The use of quantitative estimates of reliability is necessary when solving the following problems:

Scientific substantiation of requirements for newly created systems and products;

Improving the quality of design;

Creation scientific methods testing and control of the level of reliability;

Substantiation of ways to reduce economic costs and reduce the time for product development;

Improving the quality and stability of production;

Development of the most efficient methods of operation;

Objective assessment of the technical condition of the equipment in operation;

Currently, in the development of reliability theory, there are two main directions :

Progress in technology and improvement in the technology of manufacturing elements and systems;

Rational use of elements in the design of systems - synthesis of systems by reliability.

3. Quantitative indicators of reliability

elements and systems.

The quantitative indicators of the reliability of elements and systems include:

Reliability factor R G ;

Probability of failure-free operation for a certain time P ( t ) ;

Mean time to first failure T cf for non-recoverable systems;

MTBF t Wed for recoverable systems:

Failure rate λ( t ) ;

Average recovery time τ cf ;

μ( t ) ;

Reliability function R G ( t ).

Definitions of named quantities:

R G probability of finding the product in working condition.

P ( t ) is the probability that in a given period of time ( t ) the system will not fail.

T cf is the mathematical expectation of the system operation time until the first failure.

t Wed is the mathematical expectation of the system operation time between successive failures.

λ( t ) – mathematical expectation of the number of failures per unit of time; for a simple bounce stream:

λ( t )= 1/ t Wed .

τ cf is the mathematical expectation of the system recovery time.

μ( t ) - mathematical expectation of the number of restorations per unit of time:

μ( t ) = 1/ τ cf.

R G ( t ) – change in system reliability over time.

4. Classification of systems for the purposes of reliability calculation.

Systems for the purposes of reliability calculation are classified according to several criteria.

1. According to the features of functioning during the period of application:

Single use systems; these are systems whose reuse is impossible or impractical for some reason;

Reusable systems; these are systems whose reuse is possible and can be carried out after the system has performed the functions assigned to it for the previous application cycle.
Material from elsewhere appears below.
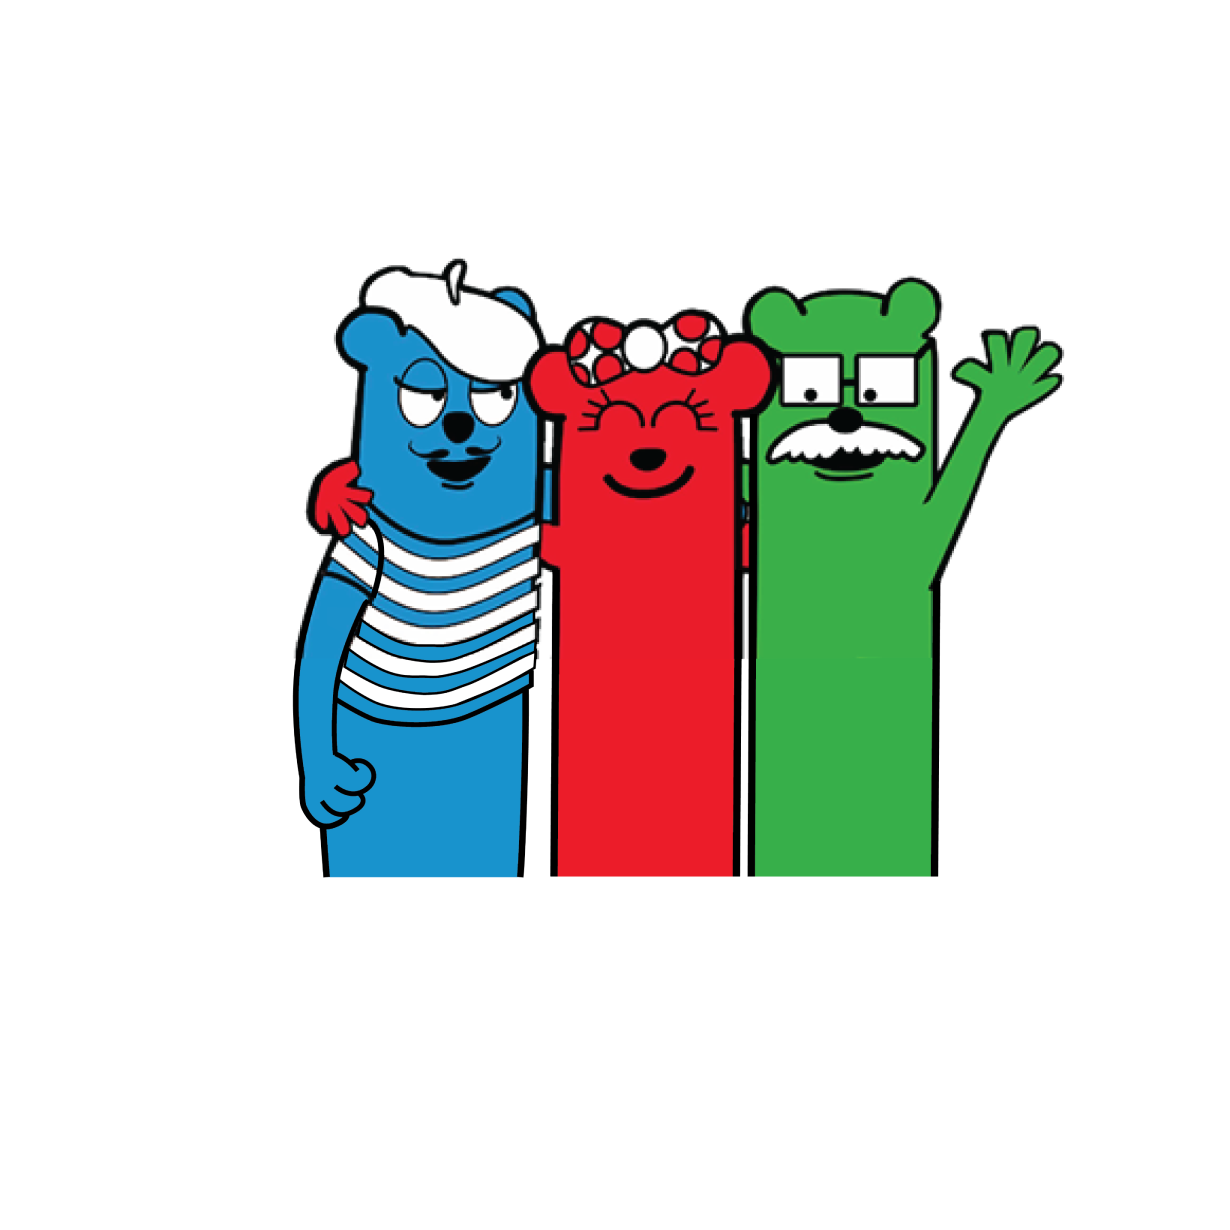 Otter Pops characters waving

2. By adaptability to recovery after the appearance of failures:

Recoverable, if their performance, lost in case of failure, can be restored during operation;

Non-recoverable, if their performance, lost in the event of a failure, cannot be restored.

3. On the implementation of maintenance:

Unattended - systems, the technical condition of which is not controlled during operation and no measures are taken to ensure their reliability;

Maintained - systems, the technical condition of which is monitored during operation and appropriate measures are taken to ensure their reliability.
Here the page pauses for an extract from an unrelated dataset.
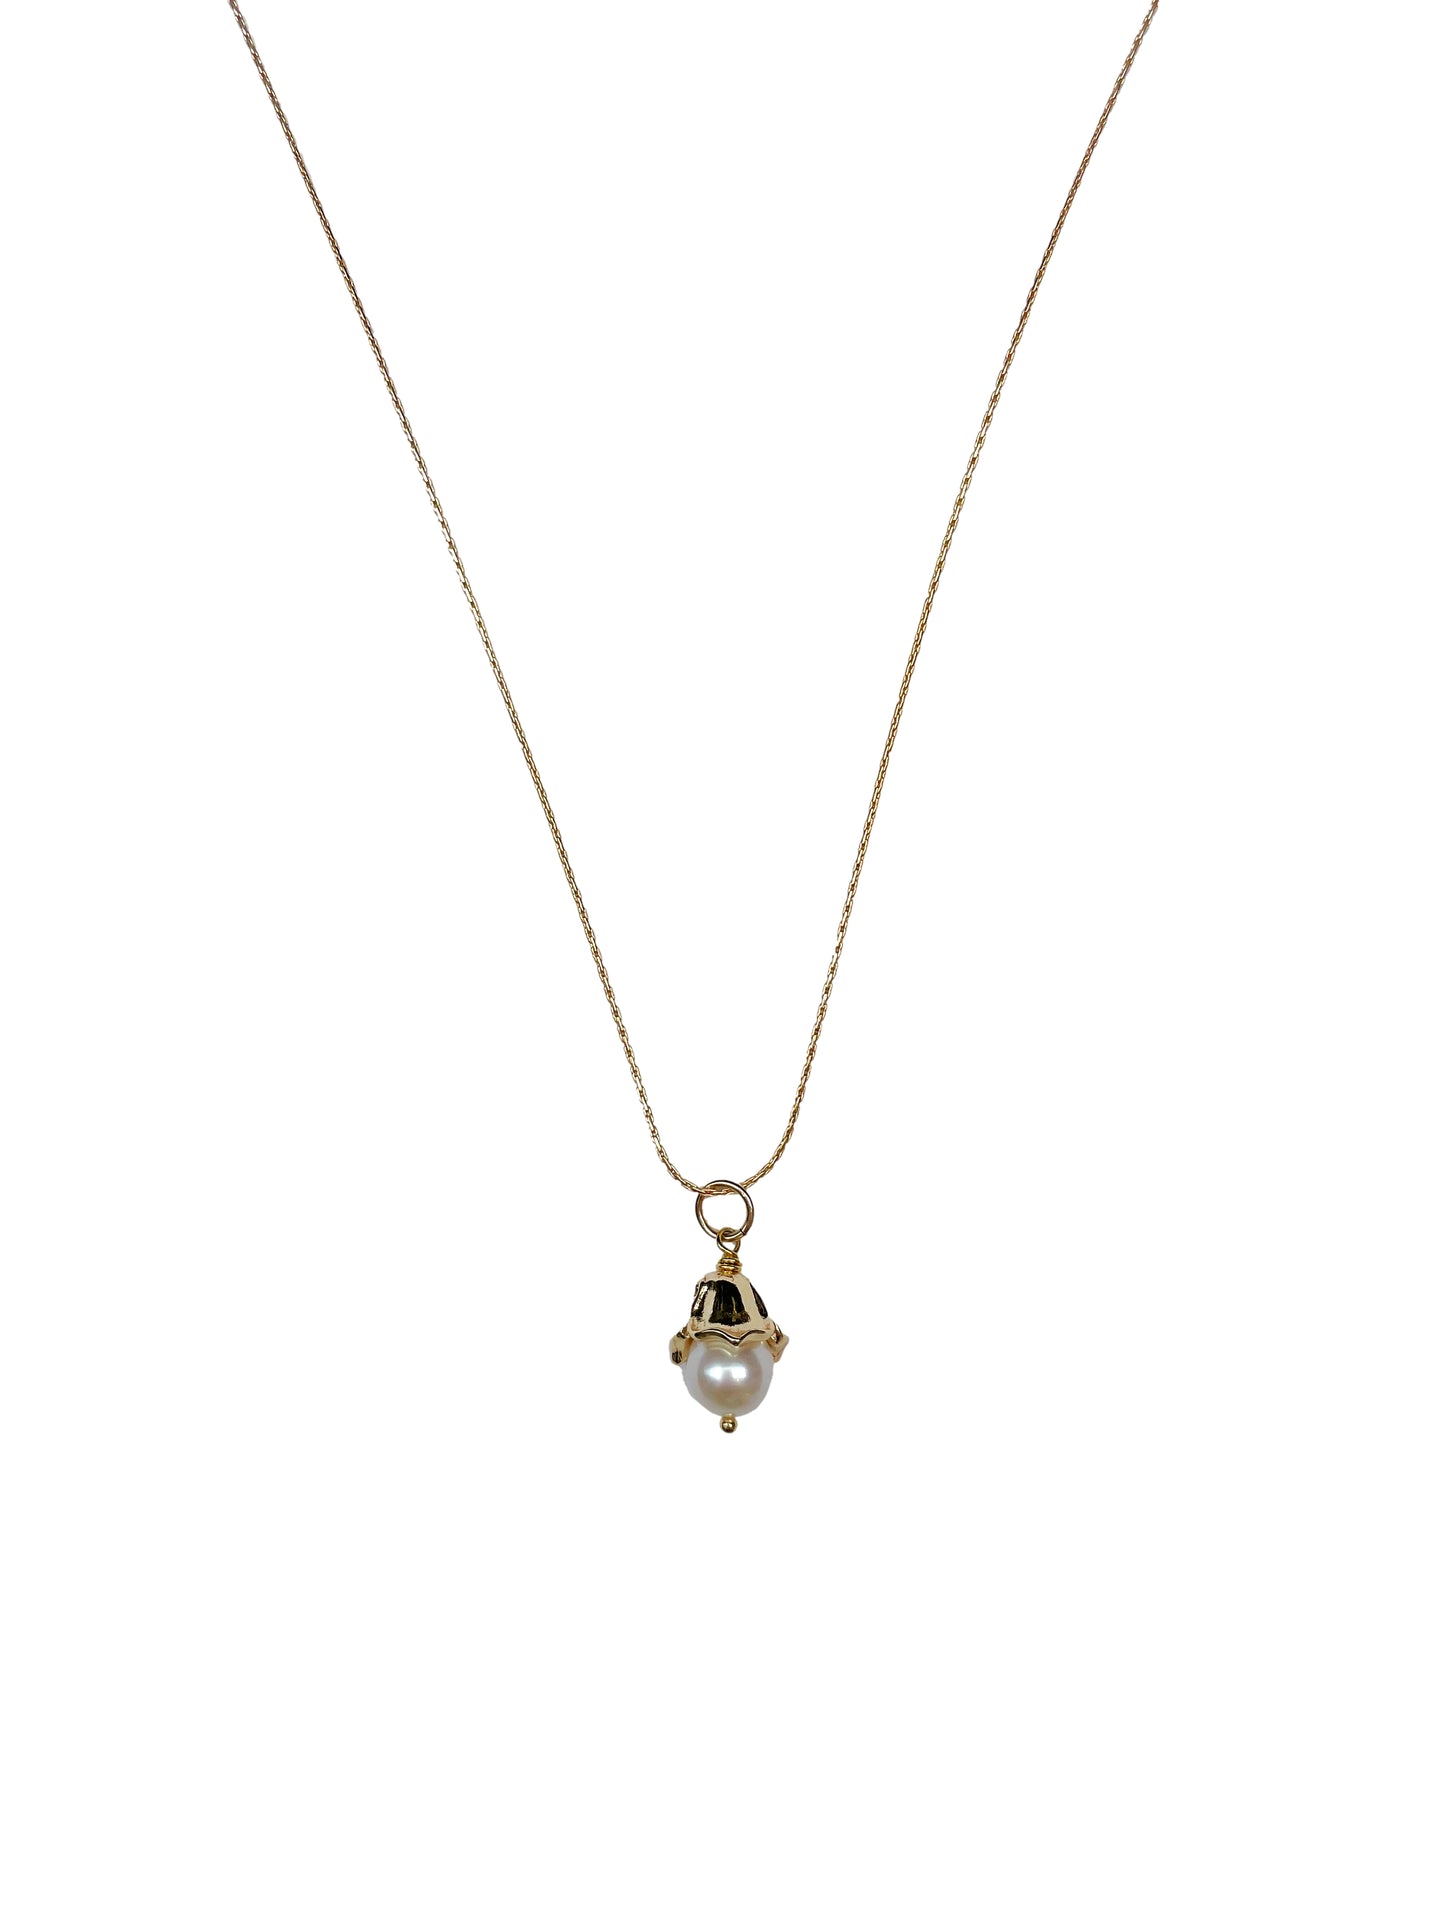 Reign Pendent Necklace

4. By type of maintenance performed:

With periodic maintenance - systems in which measures to ensure reliability are implemented only during scheduled maintenance and preventive maintenance at predetermined intervals That ;

With a random maintenance period - systems in which measures to ensure reliability are implemented at random intervals corresponding to the appearance of failures or the achievement of the limiting state by the system;

With combined maintenance - systems in which, in the presence of scheduled maintenance and repair, maintenance elements with a random period take place.

5. Classification of systems by structure.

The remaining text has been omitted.